Negligence Transferred Malice
The doctrine of 'transferred malice' operates when there is an unexpected divergence between the defendant's mental state and the occurrence of the actus reus. The mens rea is regarded as transferred when this divergence is immaterial to the definition of the offence. Thus, if D fires a gun intending to kill T but misses and kills V instead, the fact that V's death was unintended does not preclude D's liability for murder. It is sufficient that D intended to kill a person the identity of that person is irrelevant to the offence definition. Compare this with the situation where D's bullet, instead of hitting T, breaks a window of the nearby house.
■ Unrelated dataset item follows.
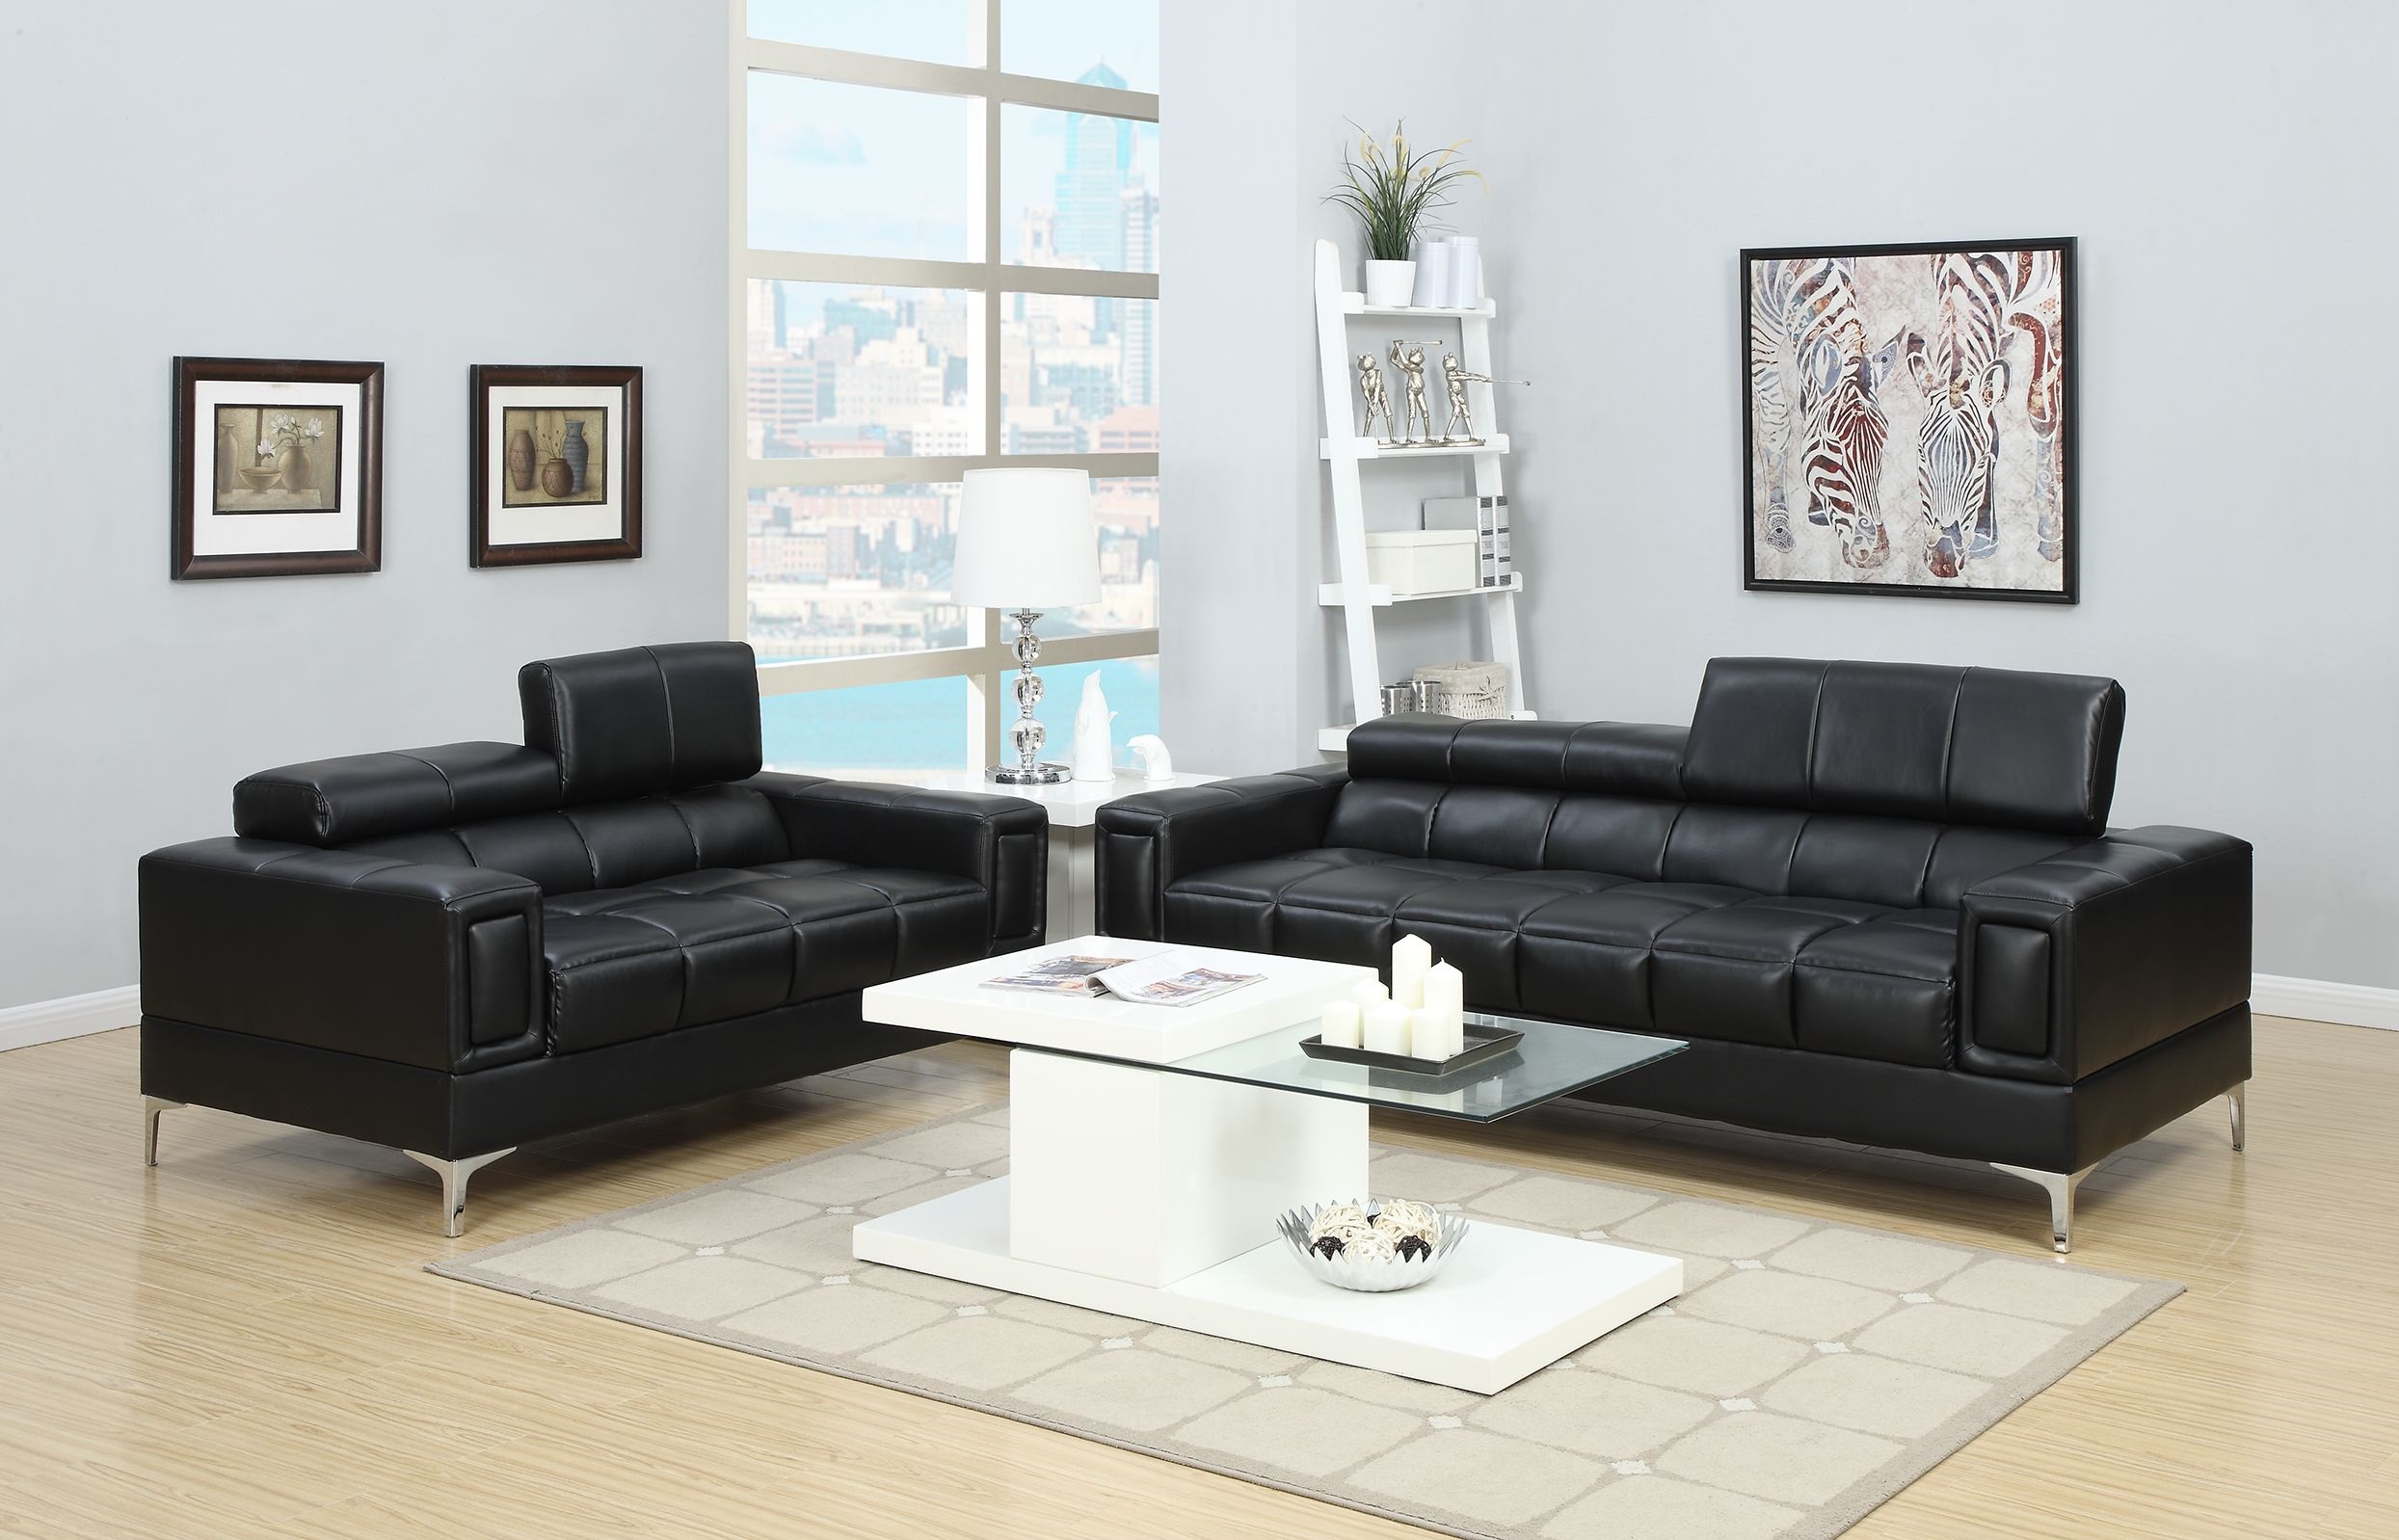 Black Faux Leather Living Room 2pc Sofa set Sofa And Loveseat Furniture Couch Unique Design Metal Legs Adjustable Headrest-Boyel Living

Here the intention to kill a person cannot be 'transferred' to make D guilty of criminal damage an offence with a different mens rea requirement.
Strict Liability
Sometimes the legislature departs from the maxim actus non facit reum nisi mens sit rea by creating offences of strict liability. The liability is said to be strict when there is no mens rea requirement in relation to one or more elements of the actus reus. For example, under the Sexual Offences Act 2003 the offences involving children under 13 do not require any mens rea on the part of the defendant as to the age of the child (R v. G [2006] 2 Cr App R 17). Here the prosecution needs only to prove that the defendant intentionally committed the relevant acts and that the victim was under 13; his genuine or otherwise reasonable belief that the child was older is irrelevant. In English law most strict liability offences are statutory, with few common law exceptions such as contempt of the court and criminal libel.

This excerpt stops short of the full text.